Prometheus scrape example
Prometheus can scrape every Nacos Server node directly:
scrape_configs: - job_name: nacos metrics_path: /nacos/actuator/prometheus static_configs: - targets: - 10.0.0.1:8848 - 10.0.0.2:8848 - 10.0.0.3:8848If Nacos Server uses a different port or context path, change targets and metrics_path.
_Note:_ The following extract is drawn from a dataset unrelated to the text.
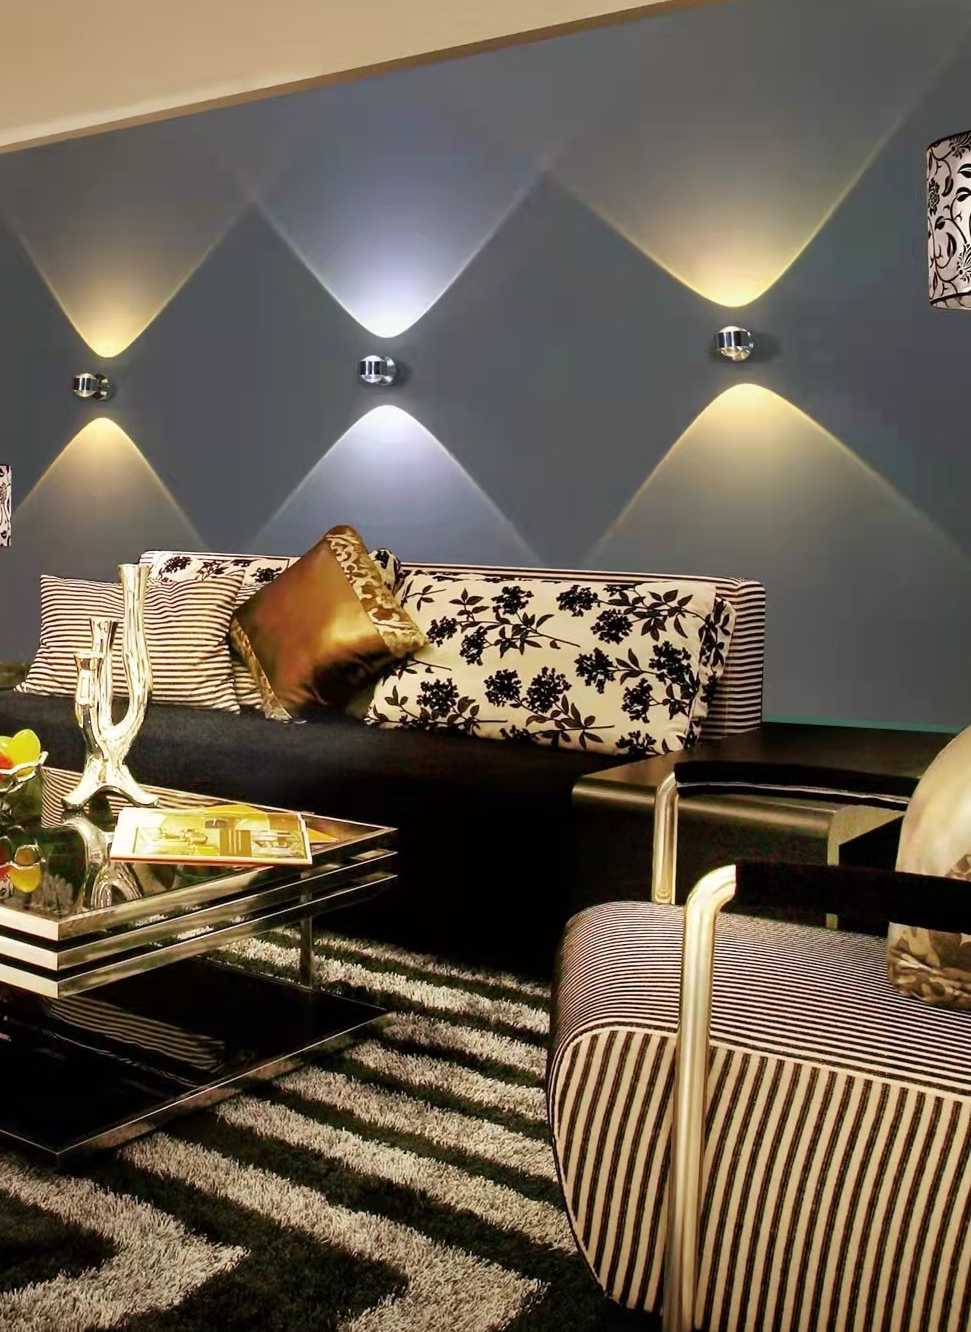 Tanio Up Down LED kinkiet nowoczesny kryty Hotel Decora ściana świ… sklep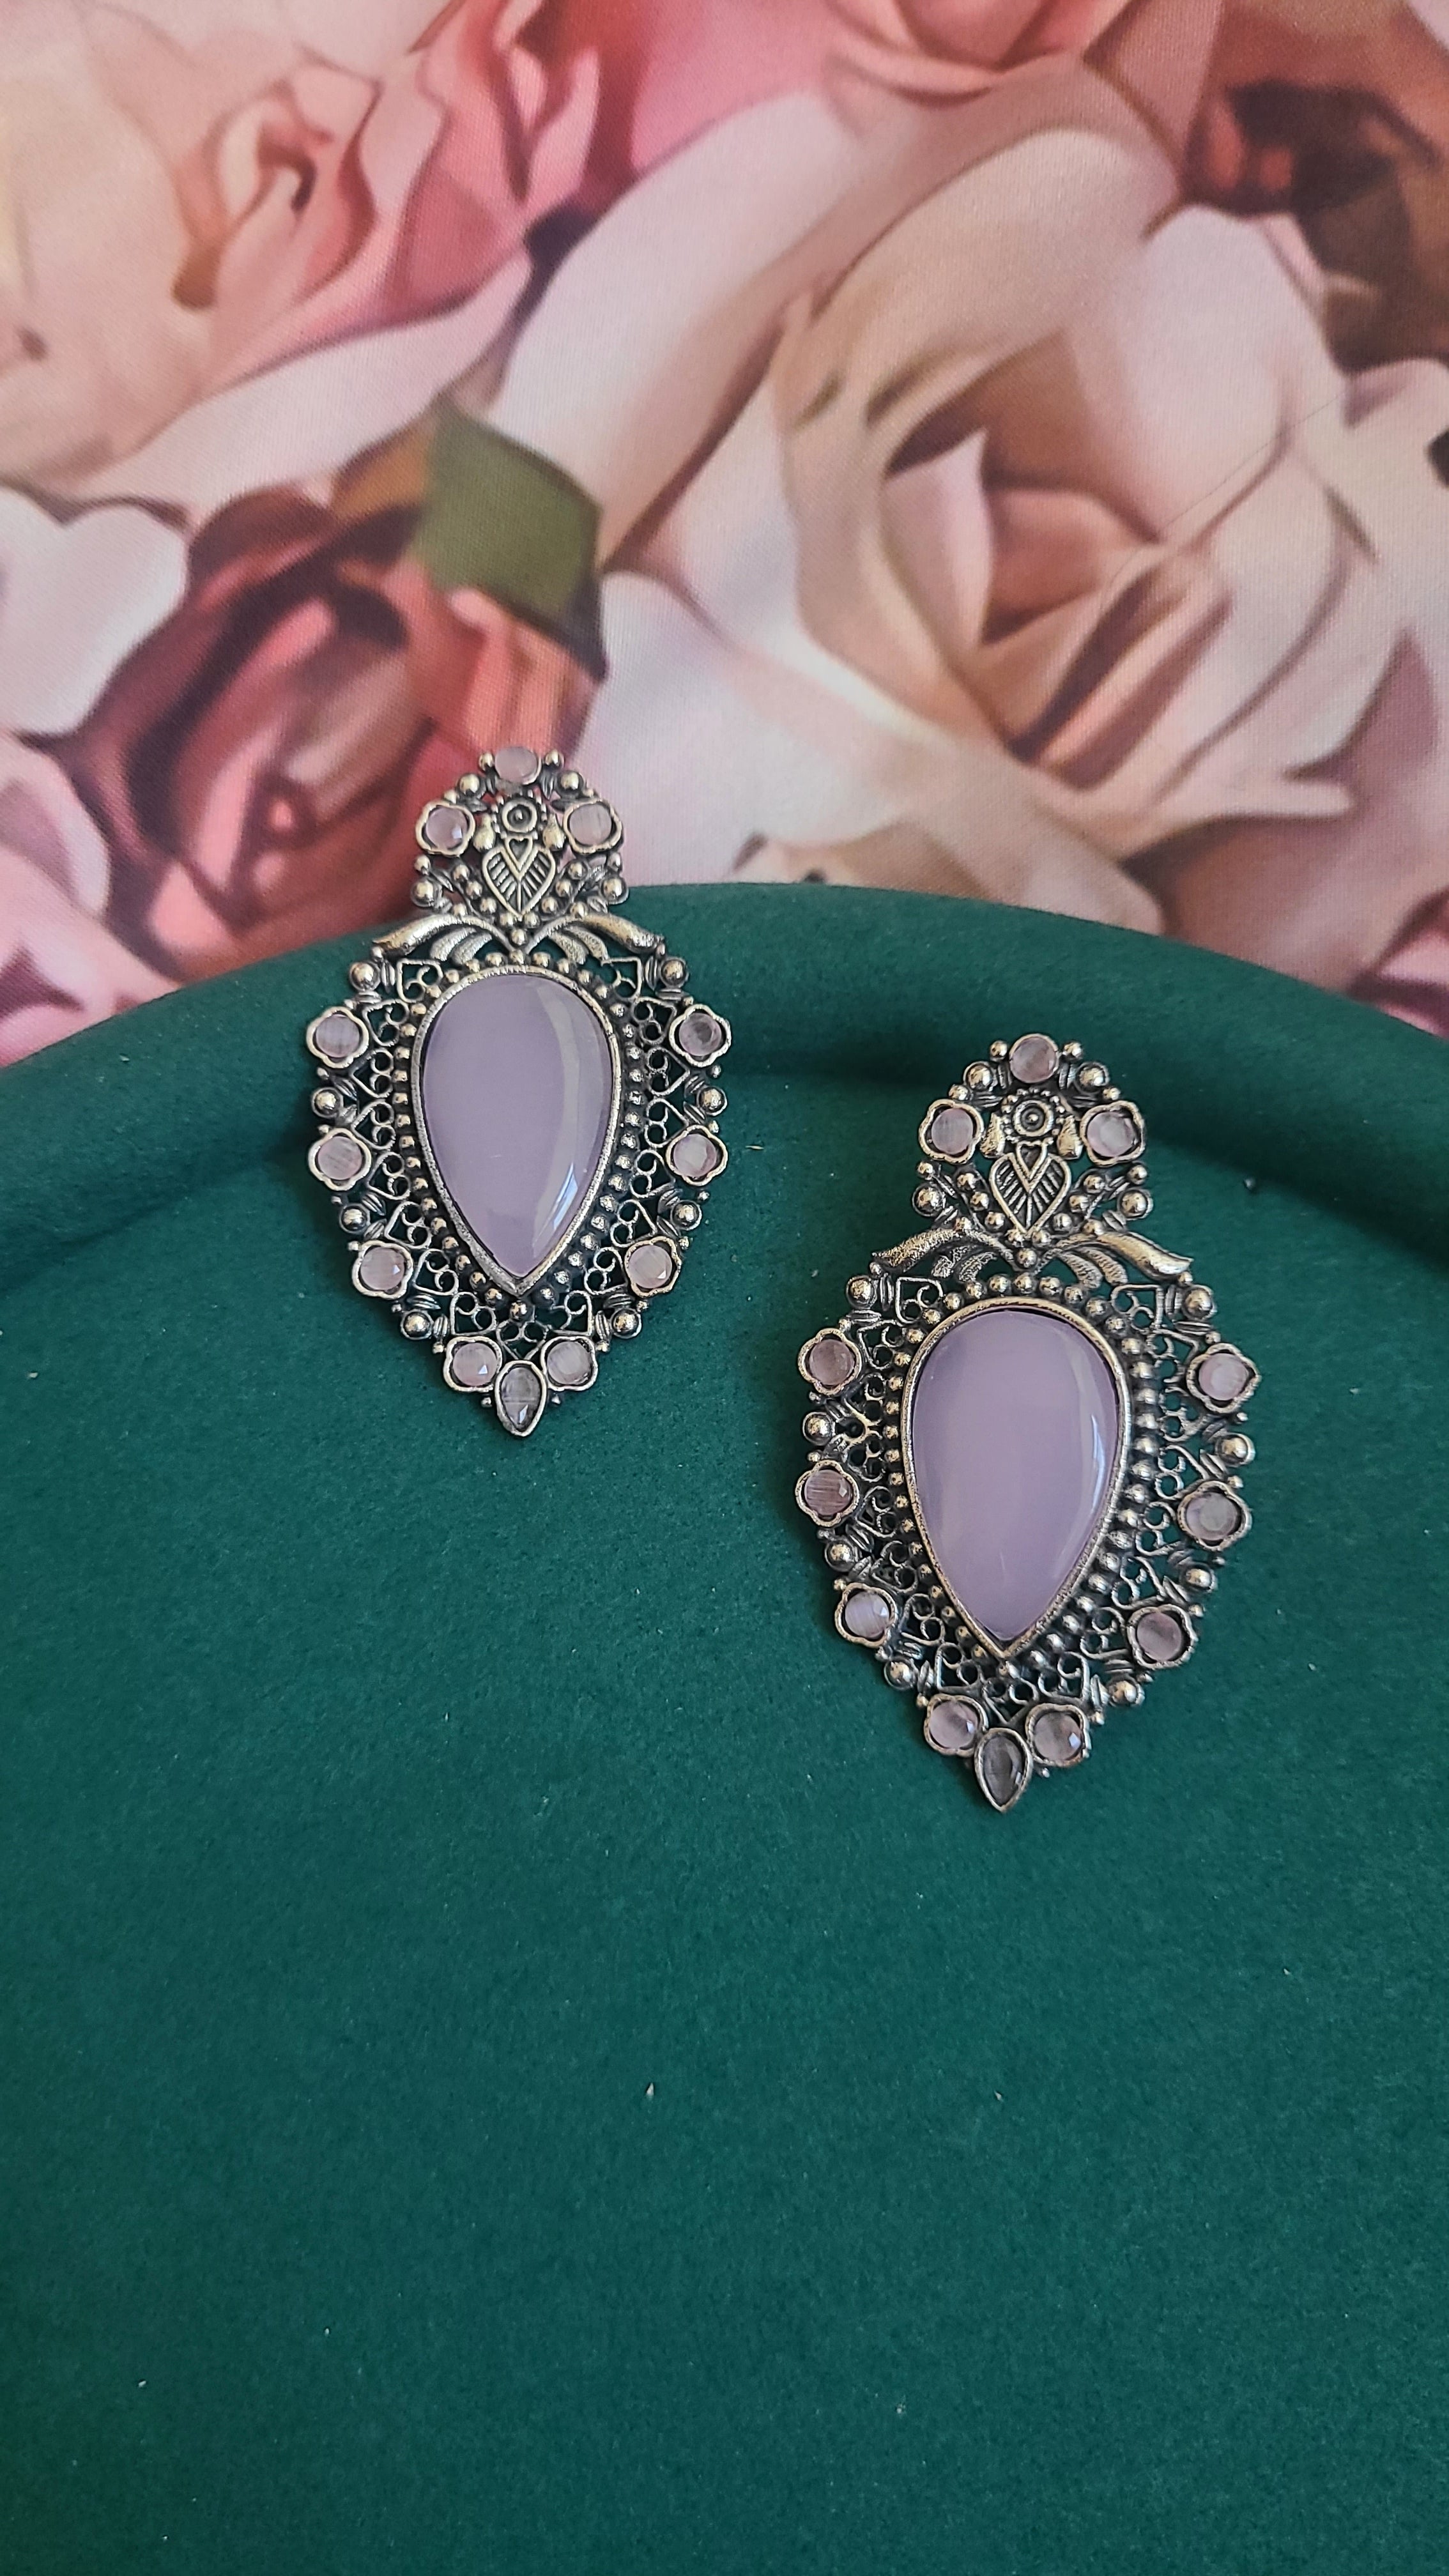 Xxl stone silver alike stud earrings

Grafana can use Prometheus as the datasource. Community dashboard templates are available in nacos-template.
Health checks
Nacos 3.x provides v3 health check endpoints. They are suitable for load balancers, Kubernetes probes, or inspection systems.
| Target | Endpoint |
|---|---|
| Nacos Server state | /nacos/v3/admin/core/state |
| Nacos Server liveness | /nacos/v3/admin/core/state/liveness |
| Nacos Server readiness | /nacos/v3/admin/core/state/readiness |
| Independent console liveness | /v3/console/health/liveness |
| Independent console readiness | /v3/console/health/readiness |
If you change nacos.server.contextPath or nacos.console.contextPath, add the corresponding context path to the endpoint URL.
Key metrics
Prometheus metric names may include suffixes based on Micrometer type. For example, timers usually export series such as _seconds_count and _seconds_sum. When troubleshooting, search the base name first, then inspect its labels.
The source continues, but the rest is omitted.